« 『侵略する少女と嘘の庭』読了 | トップページ | 振り返り »

2006.04.02

『レキオス』読了

404364702601
レキオス』(池上永一/角川文庫)読了。相変わらず格調高い馬鹿SFぶりで大変素晴らしかった。

とにかくこの作者には思いついたことは残らず実行しなければ気が付かないような生真面目さと、それでいて詰め込みすぎによって、物語が破綻する寸前に超強引に物語をねじ伏せる腕力がある。ストーリーをよく考えてみるとおかしい気がするのだが、それがちゃんと一貫性…はあまり無いが(おいおい)、朗々たるダイナミズムを失わない。それにより無理矢理に納得させられてしまう力強さがある。
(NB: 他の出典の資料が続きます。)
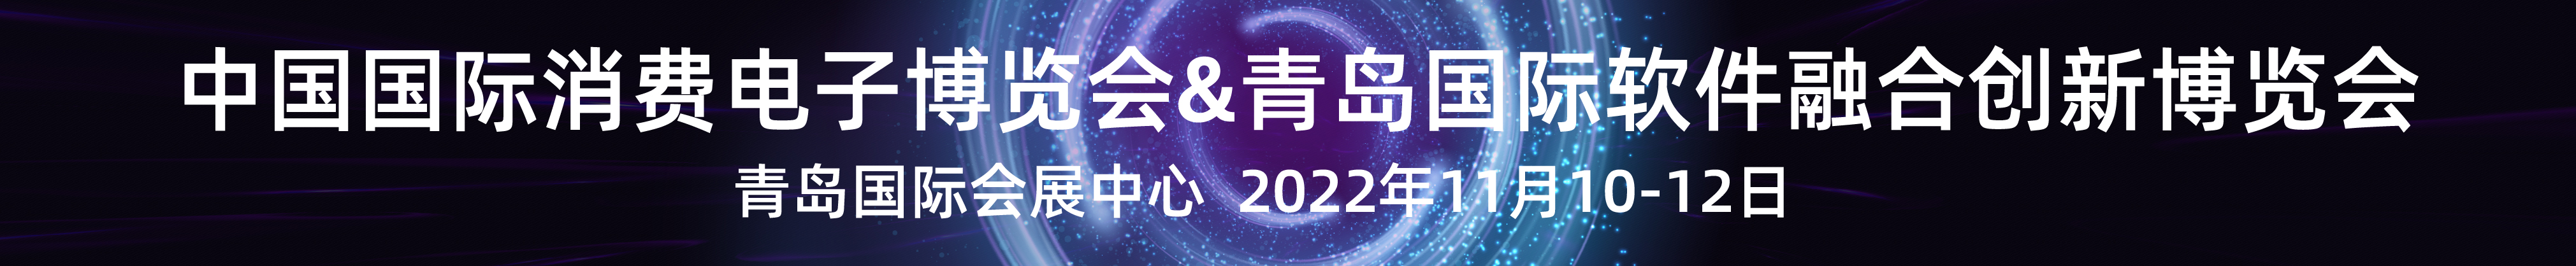 2022中国国际消费电子博览会/青岛国际软件融合创新博览会

何度も言うが、この作者は明らかに行き当たりばったりに物語を進めている(ように見える)。次から次へエピソードを繰り出し、悪ノリ寸前のアイディアを惜しげもなく使い捨て、パワフル極まりない奇人変人が縦横無尽に暴れ回っている。しかし、それでもなおこの作者が凄いと思うのは、あきらかになんにも考えずに進めているように見えて、最終的にはなんやかやで伏線は回収され、それぞれのエピソードには決着がつけられ、物語は結末を迎える事が出来るストーリーテリングの意外な(としか言いようが無い・・・)巧みさだ。無論、その結末についても、あきれ果てる寸前の馬鹿展開であったりするのだが、しかし、その猥雑で混沌として下品でさえある熱気こそが、この作者の作品を魅力的にしている一端である、と感じるのである。

補足
この『レキオス』については、キャラクターや物語のテーマに『シャングリ・ラ』に似通った部分があり、なるほど原型と呼ばれるのも納得がいく。基本的に女が強くて男は酷い目に合うというのも一貫しているしなあ(そこかよ)。

|

« 『侵略する少女と嘘の庭』読了 | トップページ | 振り返り »

コメント

コメントを書く



(ウェブ上には掲載しません)




トラックバック

この記事のトラックバックURL:
http://app.cocolog-nifty.com/t/trackback/29313/9255082

この記事へのトラックバック一覧です: 『レキオス』読了:

« 『侵略する少女と嘘の庭』読了 | トップページ | 振り返り »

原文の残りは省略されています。